Après une annulation due à la grève des intermittents en 2014 et une édition 2015 affaiblie, le Printemps des comédiens de Montpellier, l'un des principaux festivals de théâtre en France, espère pour ses 30 ans repartir "toutes voiles déployées". Il démarre ce vendredi soir, jusqu'au 10 juillet.
Faute d'accord à ce jour, dans la négociation sur l'assurance chômage de la profession du spectacle, une menace pèse toujours sur les festivals de l'été, dont le Printemps des comédiens de Montpellier qui lance traditionnellement la saison.
Jean Varela, le directeur du Printemps se dit, comme en 2014, "très solidaire des intermittents" mais il prévient que le festival peinerait à supporter de nouvelles perturbations.
Le conflit de 2014 n'a pas été vain. Il a permis de grandes avancées sociales", a-t-il dit à l'AFP. "Mais aujourd'hui je pense que les artistes et techniciens qui ont porté la grève au festival en 2014 sont conscients que le Printemps a beaucoup donné et qu'autant il s'est relevé une première fois, autant deux ans après, "c'est un peu court jeune homme" comme dirait Cyrano".
"Si d'autres actions des intermittents empêchaient le festival de se dérouler cette année, "ça mettrait l'outil véritablement en péril", prévient-il.
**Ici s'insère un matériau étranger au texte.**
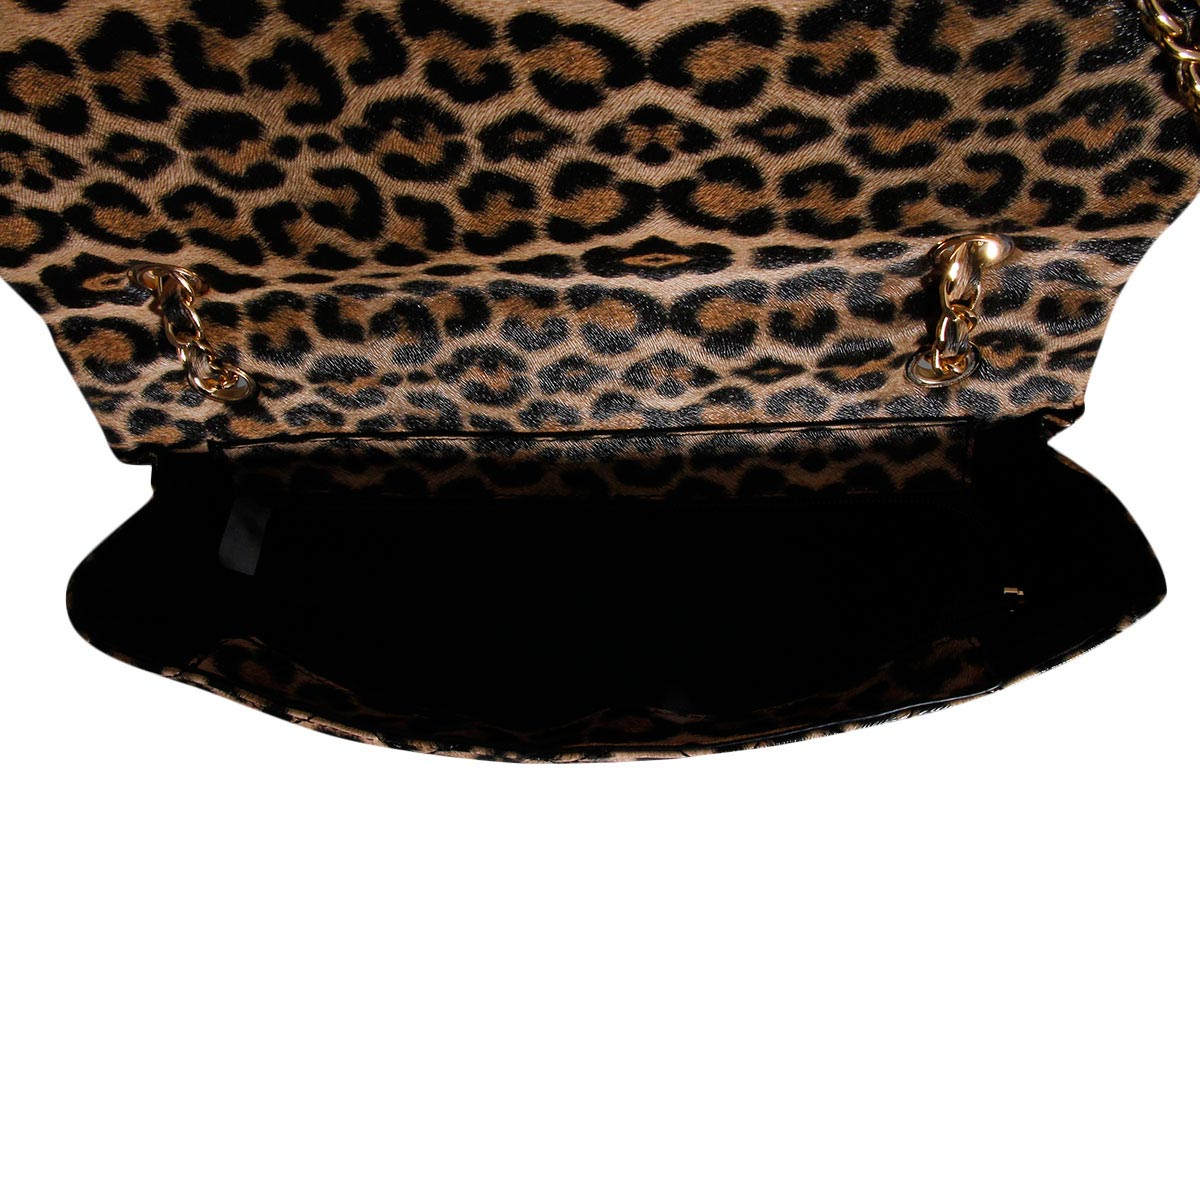 BILLION Leopard Quilted Handbag

Deux ans après le cataclysme de l'annulation, le directeur du Printemps des comédiens, qui inaugure la saison des festivals, se félicite de la stabilisation de ses financements, avec un budget de 2,3 millions d'euros. Il prévoit du 3 juin au 10 juillet une riche programmation qui se veut "un état possible du théâtre". Et ce sur près d'un mois et demi alors que l'édition 2015 avait été réduite à 18 jours.
Quelque 60.000 spectateurs sont attendus cette année dans le vaste Domaine départemental d'O à Montpellier.
Retrouvez le programme 2016.
Le festival, un lieu de transmission qui se décentralise à Béziers
"Il y a beaucoup plus de spectacles prévus que l'an dernier puisque la grève nous avait affaiblis, ou disons que c'était une année de reprise", dit Jean Varela.
"Cette année, le festival est toutes voiles déployées... on verra où les vents nous mènent", philosophe-t-il.
Souhaitant pour ses 30 ans rendre hommage aux "grands maîtres du théâtre européen", le Printemps débute ce vendredi avec le symbole même des comédiens, "l'Arlequin, serviteur de deux maîtres" de Carlo Goldoni dans la légendaire mise en scène de Giorgio Strehler.
Parmi les prestigieux invités du Printemps, figurent également Peter Brooks avec "Battefield", un "Dom Juan" de Molière mis en scène par Jean-François Sivadier et joué par Nicolas Bouchaud, ou encore Georges Lavaudant pour une création, "Le Rosaire des voluptés épineuses", d'après l'oeuvre d'un maudit de la littérature, Stanislas Rodanski, qui passa la moitié de sa vie en hôpital psychiatrique.
"Ca ira (1) Fin de Louis", le spectacle de Joël Pommerat plebiscité fin mai par les Molières, sera également à l'affiche et permettra selon Jean Varela d'aborder une question "très actuelle: l'ordre ancien qui s'effondre et celui qui va naître".
Le Printemps doit également accueillir cette année des "bricoleurs de génie, qui, comme les Italiens l'ont fait avec la machinerie au 17e siècle, utilisent les technologies d'aujourd'hui pour amplifier la résonance de la cage de scène", souligne le directeur du festival.
"Cold Blood" du cinéaste Jaco Van Dormael, qui voyage dans les nano-univers en s'interrogeant sur la dernière image que l'on garde avant de mourir, se place dans cette catégorie. Tout comme "La Rencontre" de Simon McBurney, qui explore la conscience humaine en utilisant la technologie binaire. Pour ce spectacle, chaque spectateur est muni d'un casque audio pour une expérience sensorielle unique.
Mais le festival se veut également un lieu de transmission, d'où la présence de la jeune garde française de Yoann Bourgeois à Dag Jeanneret en passant par David Lescot ou les élèves de l'Ecole nationale supérieure d'art dramatique de Montpellier dirigés par quatre metteurs en scène différents: Alain Françon, Robert Cantarella, Gildas Milin, Jean-Pierre Baro.
Le Printemps se déplacera aussi à Béziers pour une vingtaine de représentations de "On achève bien les anges", dernier spectacle du théâtre équestre Zingaro de Bartabas.